Recent revelations about the conduct of Whole Foods chief executive John Mackey on an Internet message board are raising a question once unthinkable: Has the founder of the organic food grocery damaged his ability to lead the company?
Antitrust expert Darren Bush, a University of Houston professor, said Mackey is now his “own worst enemy,” and that his Internet message board comments under the name of “rahodeb” could undercut the proposed $565 million takeover of rival grocer Wild Oats Markets Inc.”CEOs of public companies should not post on message boards, through aliases or otherwise,” said John R. Fahy, a securities law expert with Whitaker Chalk of Fort Worth and a former SEC enforcement attorney. “Beyond the business concerns, there are a host of securities law issues” involving disclosure of information.
Yes, I believe I said that.
Late Friday, The Wall Street Journal, citing anonymous sources, said that the Securities and Exchange Commission has started an informal inquiry into Mackey’s conduct, asking for more information to determine whether any laws were violated. Whole Foods spokeswoman Kate Lowery said the company had not been contacted by the SEC.
An inquiry would likely center on the timing of Mackey’s financial comments on the message board, and whether they contradicted what the company previously said or were overly optimistic about the company’s performance.
The full Mackey is here, in case you have way too much free time on your hands (as apparently Mackey himself did – more on that in a sec).

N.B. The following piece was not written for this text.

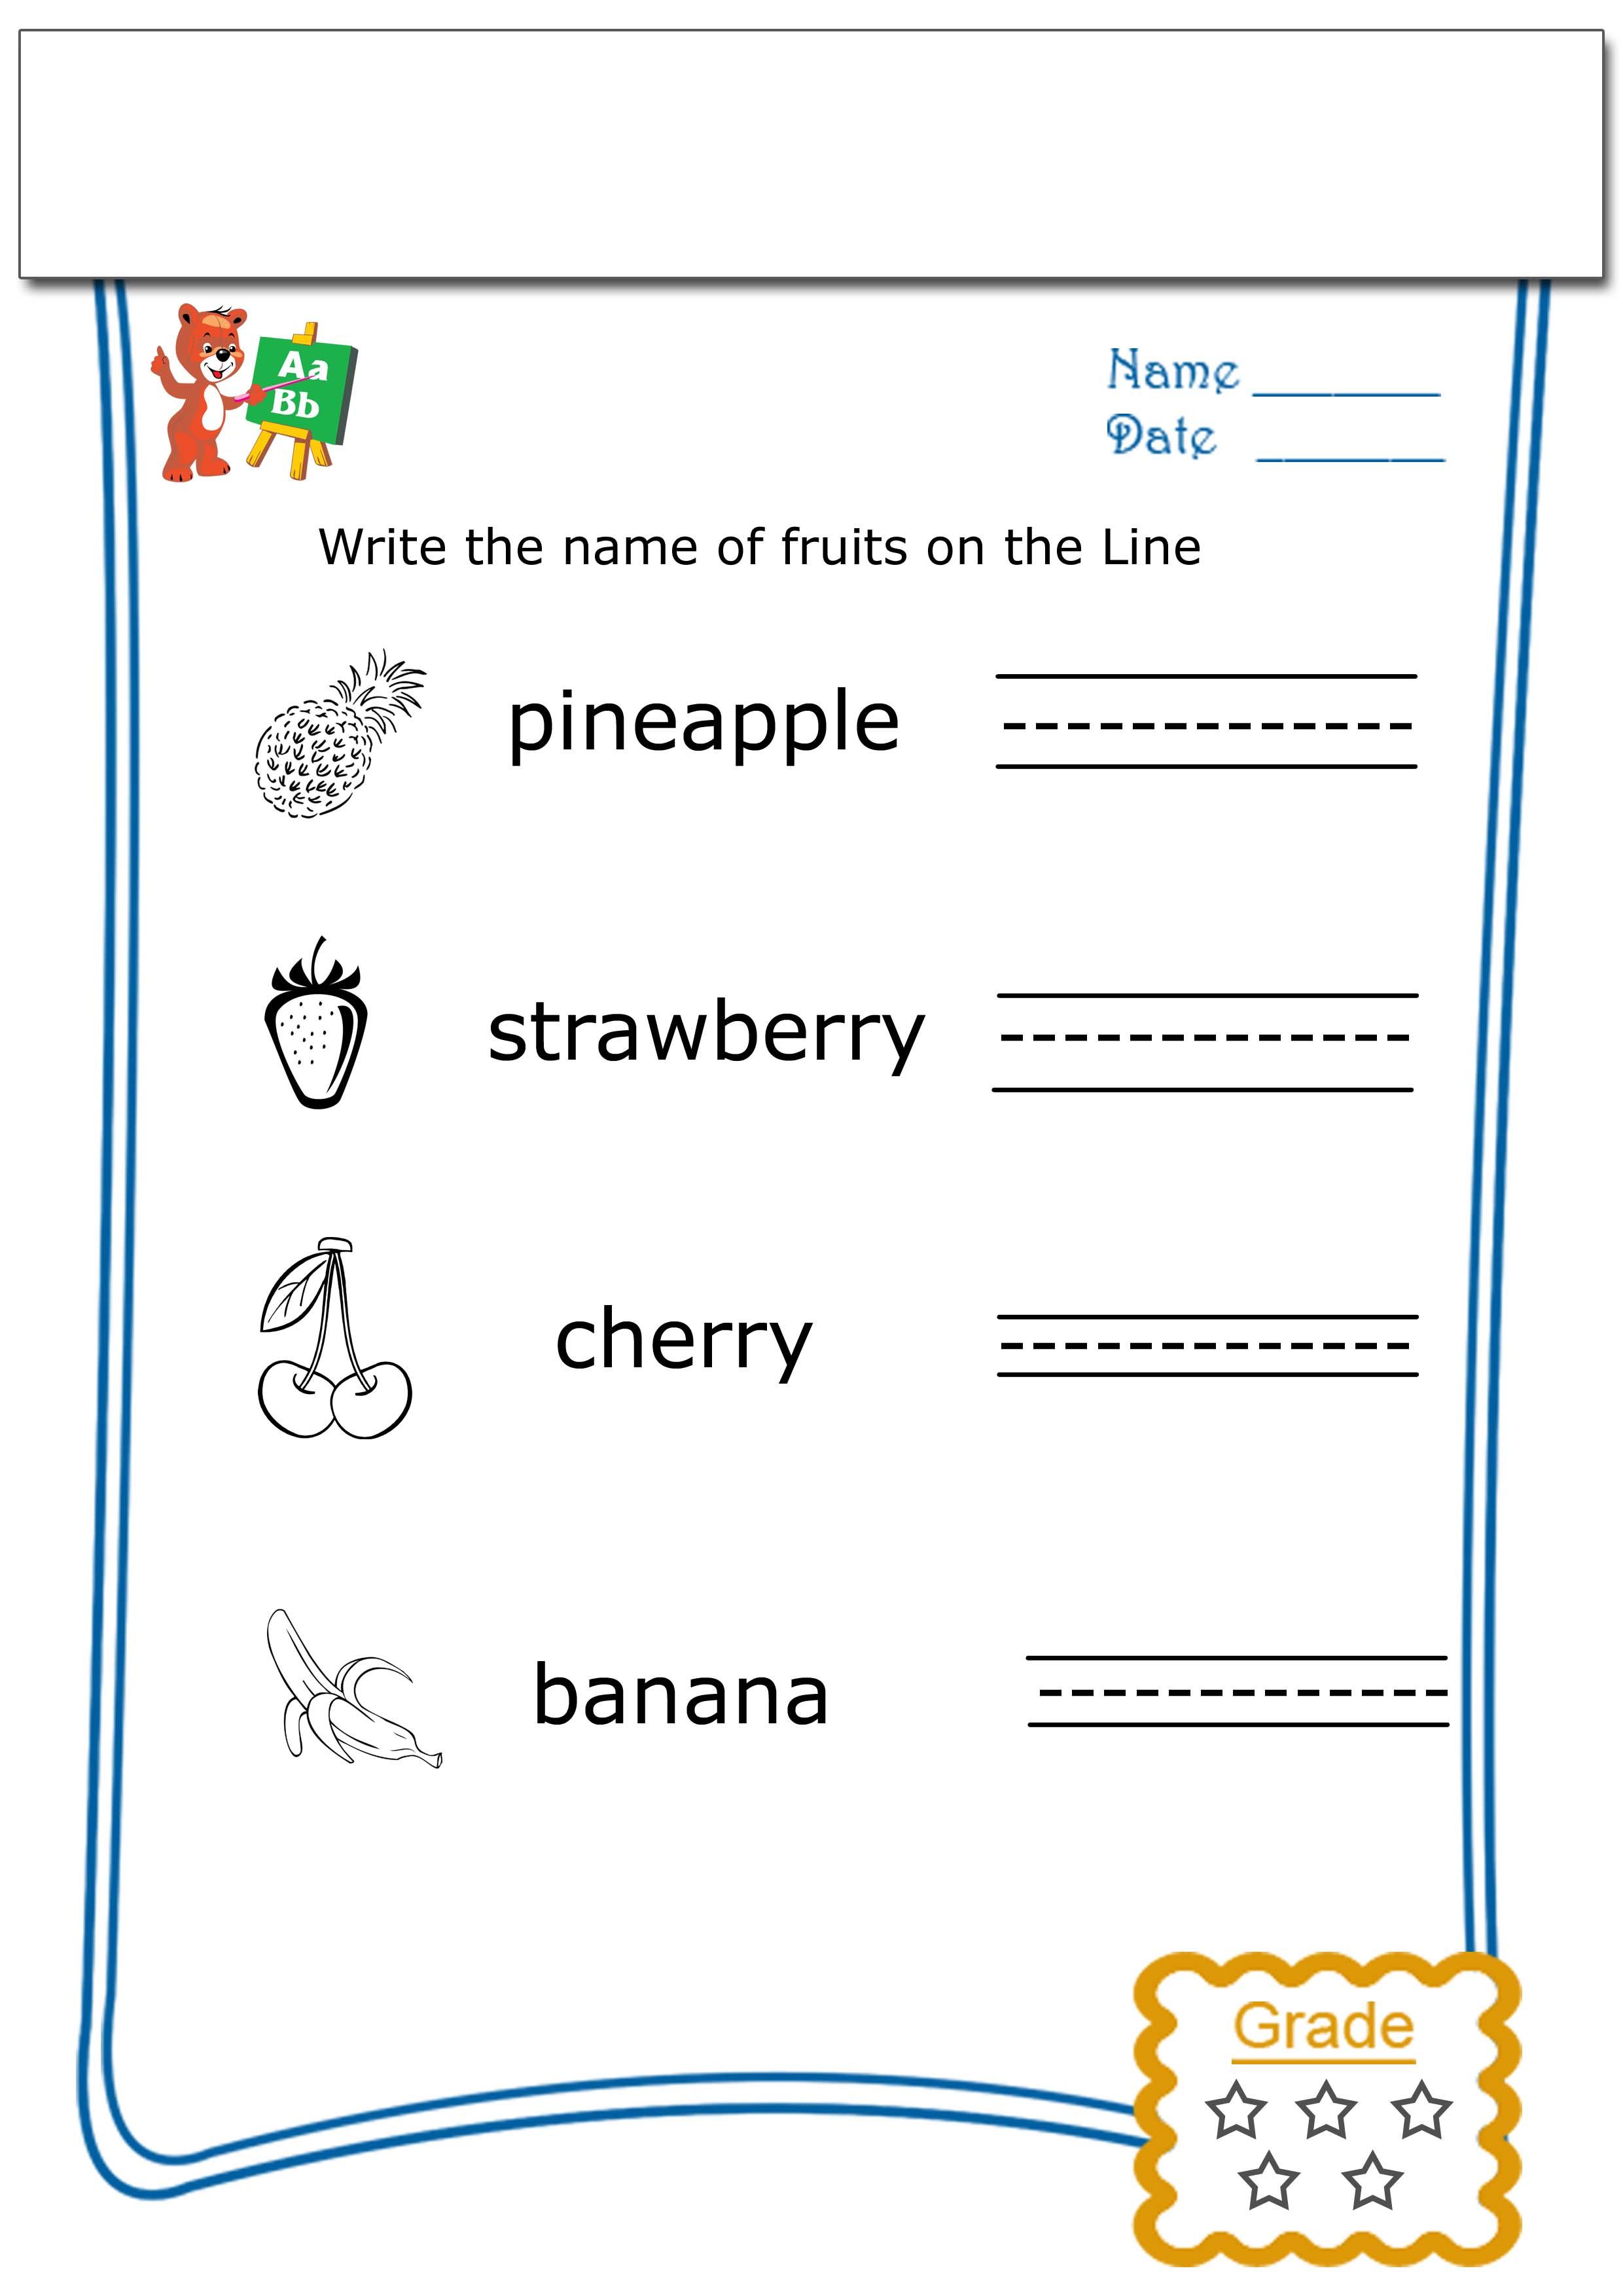 Kindergarten worksheets free - Write the name of each fruit - 2

I’m guessing the SEC (and the FTC, with whom Mackey has been battling over Whole Foods’ proposed takeover of rival Wild Oats) will find plenty of grist for their mill.

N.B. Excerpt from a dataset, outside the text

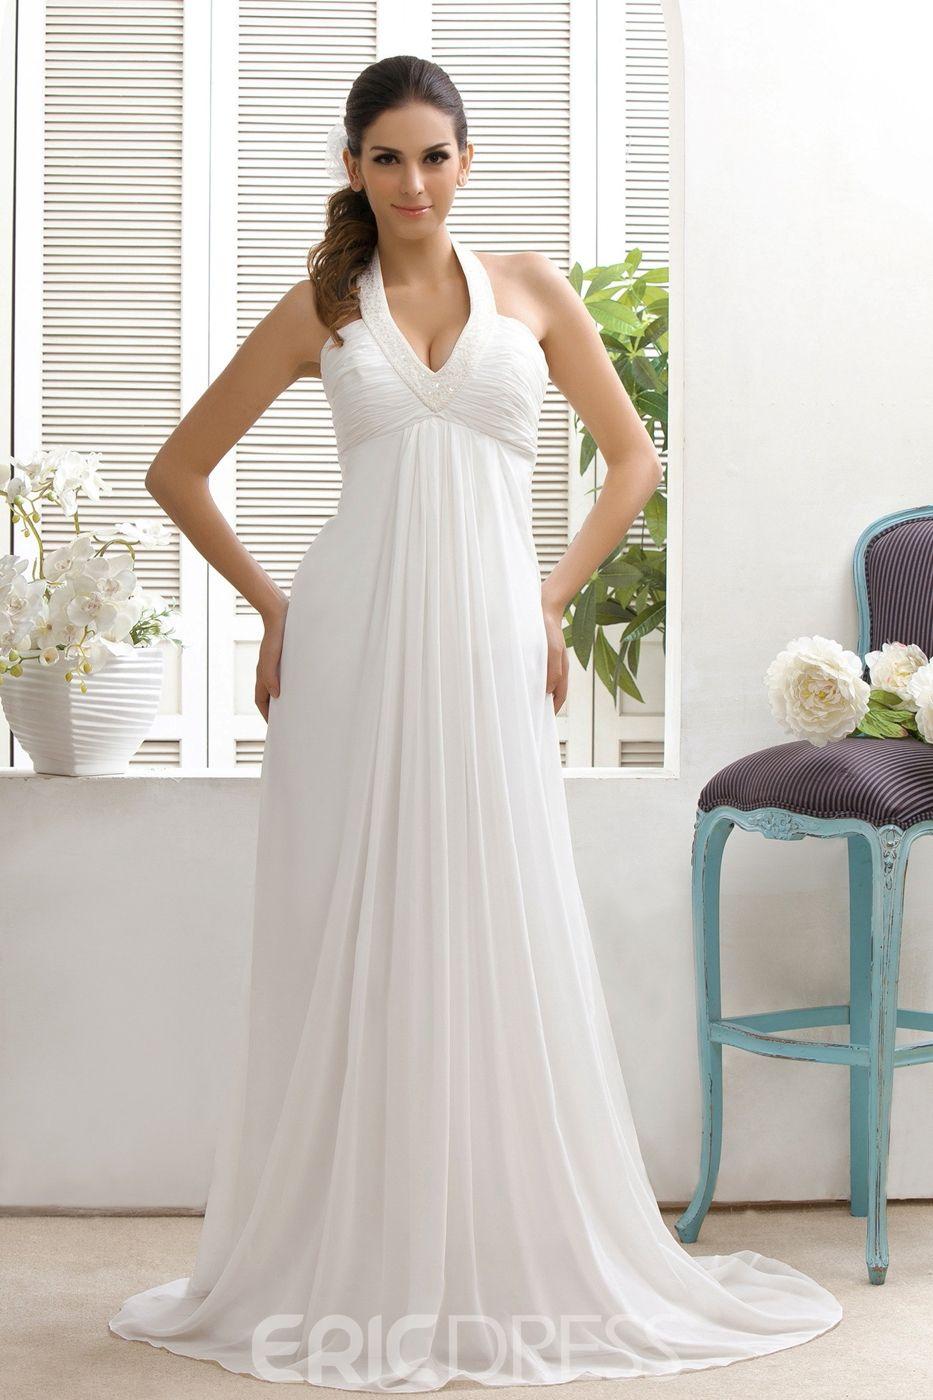 Chapel Wedding Dresses Plus Size Under 100 Dress: Plus Size Short Halter Wedding Dresses At Reisefeber.org

This tidbit is rather astonishing to me:
Last week, the FTC filed a longer version of its initial complaint, accusing Mackey of trying to eliminate Wild Oats store by store and eventually deciding to buy the company.
In a footnote to the document, the FTC revealed that Mackey sometimes used the name rahodeb on Internet message boards. The information was provided to the FTC by Whole Foods as part of a request for documents relating to the proposed acquisition.
The documents, released Tuesday, led to revelations that Mackey spent eight years participating in the Yahoo finance message boards, posting more than a 1,300 comments over eight years, sometimes as many as 17 times a day.
Emphasis mine. Remember how when Internet access became the norm at workplaces there were so many handwringing articles about how much time employees were sure to be wasting online, and how companies needed to have stringent policies in place about misuse of corporate assets and whatnot? One wonders if anyone at Whole Foods ever bothered to monitor Mackey’s Internet usage, because it sure seems to me that he was spending a hell of a lot of time as “rahodeb” when he should have been CEO-ing. (I’m not unique in making this observation.) How much trouble might have been avoided if someone at Whole Foods had told Mackey to quit screwing around and get back to work? They wouldn’t have even had to know what he was doing, just that he was doing a lot of it.
Anyways. I suspect we’re a long way from hearing the end of this. Virginia DeBolt has more.
This is about common sense. Is rule making necessary when on its face it would appear to be unethical, if not stupid for the CEO of a public company to post anonymously? Does John Mackey have too much time on his hands? Yes. And too big an ego too.